Curcumin, just like most dietary phenolics, is sparingly soluble both in water and in oily solvents, but shows polar groups (two phenolic hydroxyl and one enolic hydroxyl) that can interact via hydrogen bondings and polar interactions with complementary group, like the polar heads of phospholipids. Thus, phosphatidylcholine has a highly polarized head, with the negative charge of a phosphate group and the positive charge of the choline ammonium group, and can complex a variety of poorly soluble phenolics, including curcumin(1). Phenolics shows a high affinity for biological membranes, and, once complexed with phospholipids, are embedded into a lipidic matrix that by capitalizing on the rapid exchange of phospholipids between biological membranes and the extracellular fluids, can lead to an increased cellular capitation.

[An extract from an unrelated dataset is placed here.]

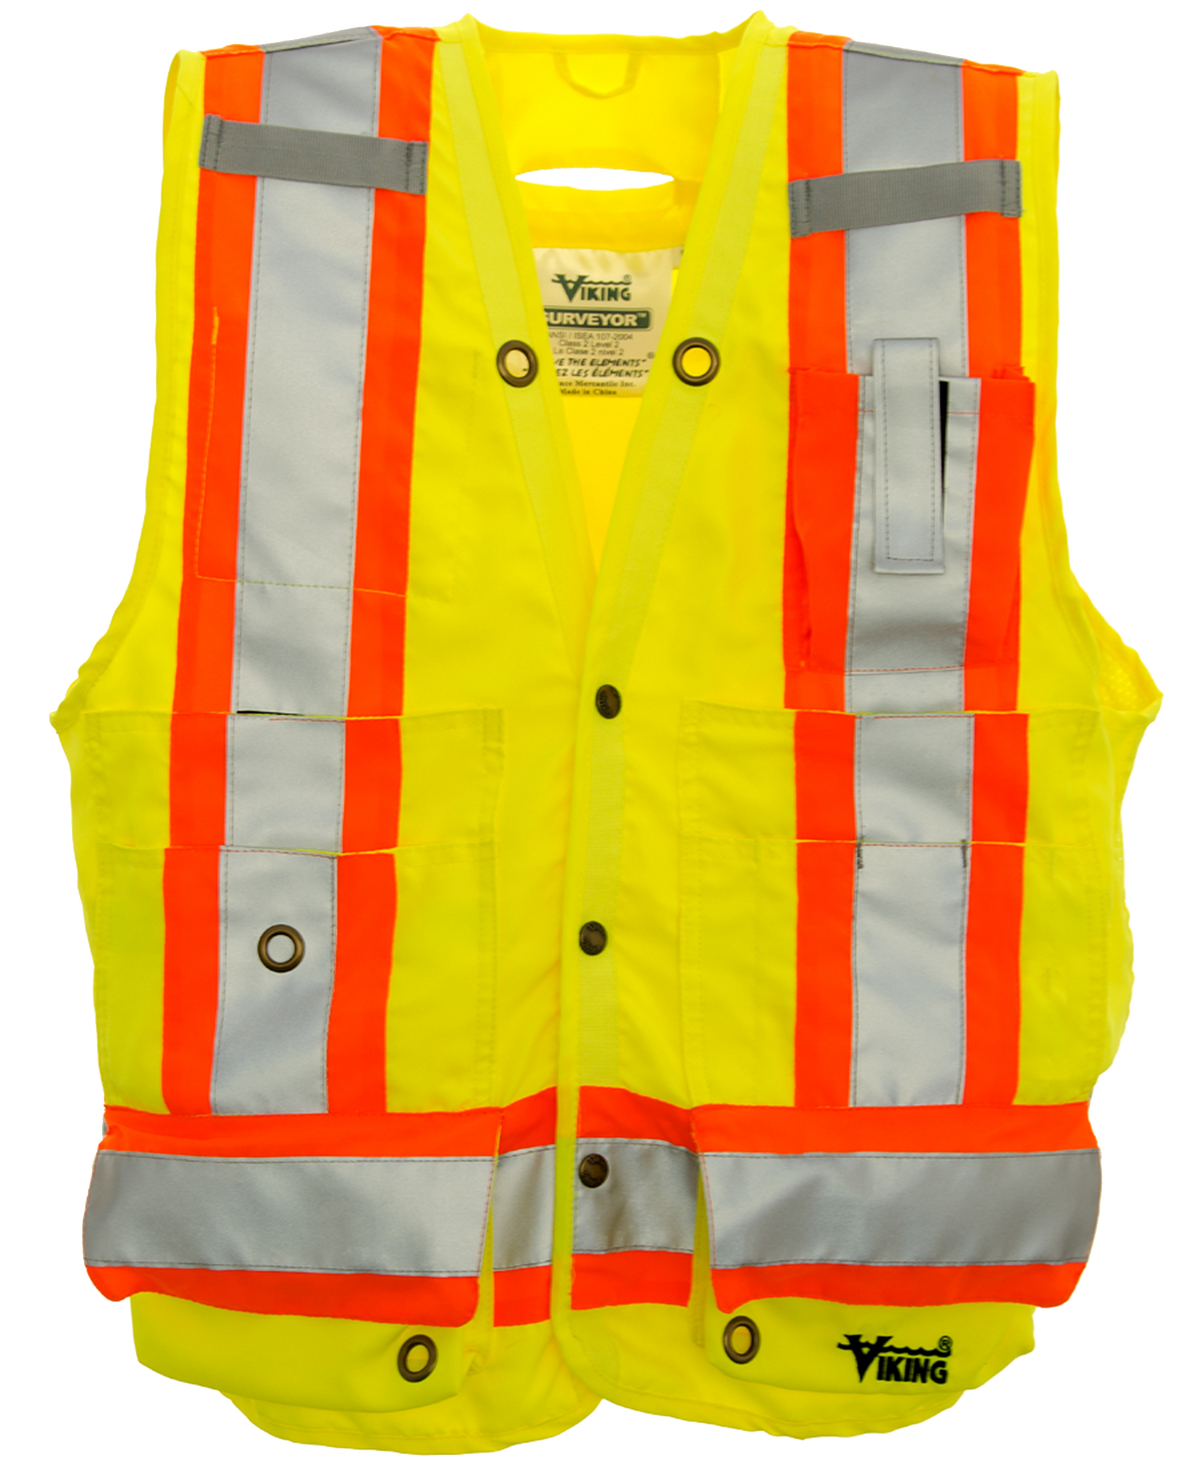 Viking Hi-Vis Surveyor Safety Vest - Work World - Workwear, Work Boots, Safety Gear

A 2007 study published in the journal Cancer Chemotherapy and Pharmacology(5) demonstrated CurcuminX4000’s superior bioavailability compared to a standardized curcumin extract in rats. CurcuminX4000 improved plasma Cmax and AUC of curcuminoids by 20-fold and levels of curcumin in the liver increased by much more then a 20 folds. This improved in bioavailability did not translate to increased toxicity levels. In a recent registry study(6), 50 patients with osteoarthritis (OA) divided into two groups were treated with CurcuminX4000: Group A was managed using the “best available treatment as defined by patient’s GP and by specialist.
Group B was managed using the best treatment as above in association with CurcuminX4000 administered as a food supplement at a dosage of 200mg curcumin/die, a dosage much lower than those used in previous and ongoing clinical studies, that can reach 8g/die. Both objective and subjective end-points were evaluated: mobility was studied by walking performance (treadmill), and the inflammatory status was assessed by measurements of C-reactive protein (CRP) plasma concentration. OA signs/symptoms were evaluated by the WOMAC scores.
After three months of treatment, the global WOMAC score (used to evaluate OA signs/symptoms) decreased by 58% (p < 0.05), walking distance in the treadmill test was prolonged from 76 m to 332 m (p < 0.05), and CRP levels decreased from 168 ± 18 to 11.3 ±. 4.1 mg/L in the subpopulation with high CRP. In comparison, the control group experienced only a modest improvement in these parameters (2% in the WOMAC score, from 82 m to 129 m in the treadmill test, and from 175 ± 12.3 to 112 ± 22.2 mg/L in the CRP plasma concentration), while the treatment costs (use of anti-inflammatory drugs, treatment and hospitalization) were reduced significantly in the treatment group.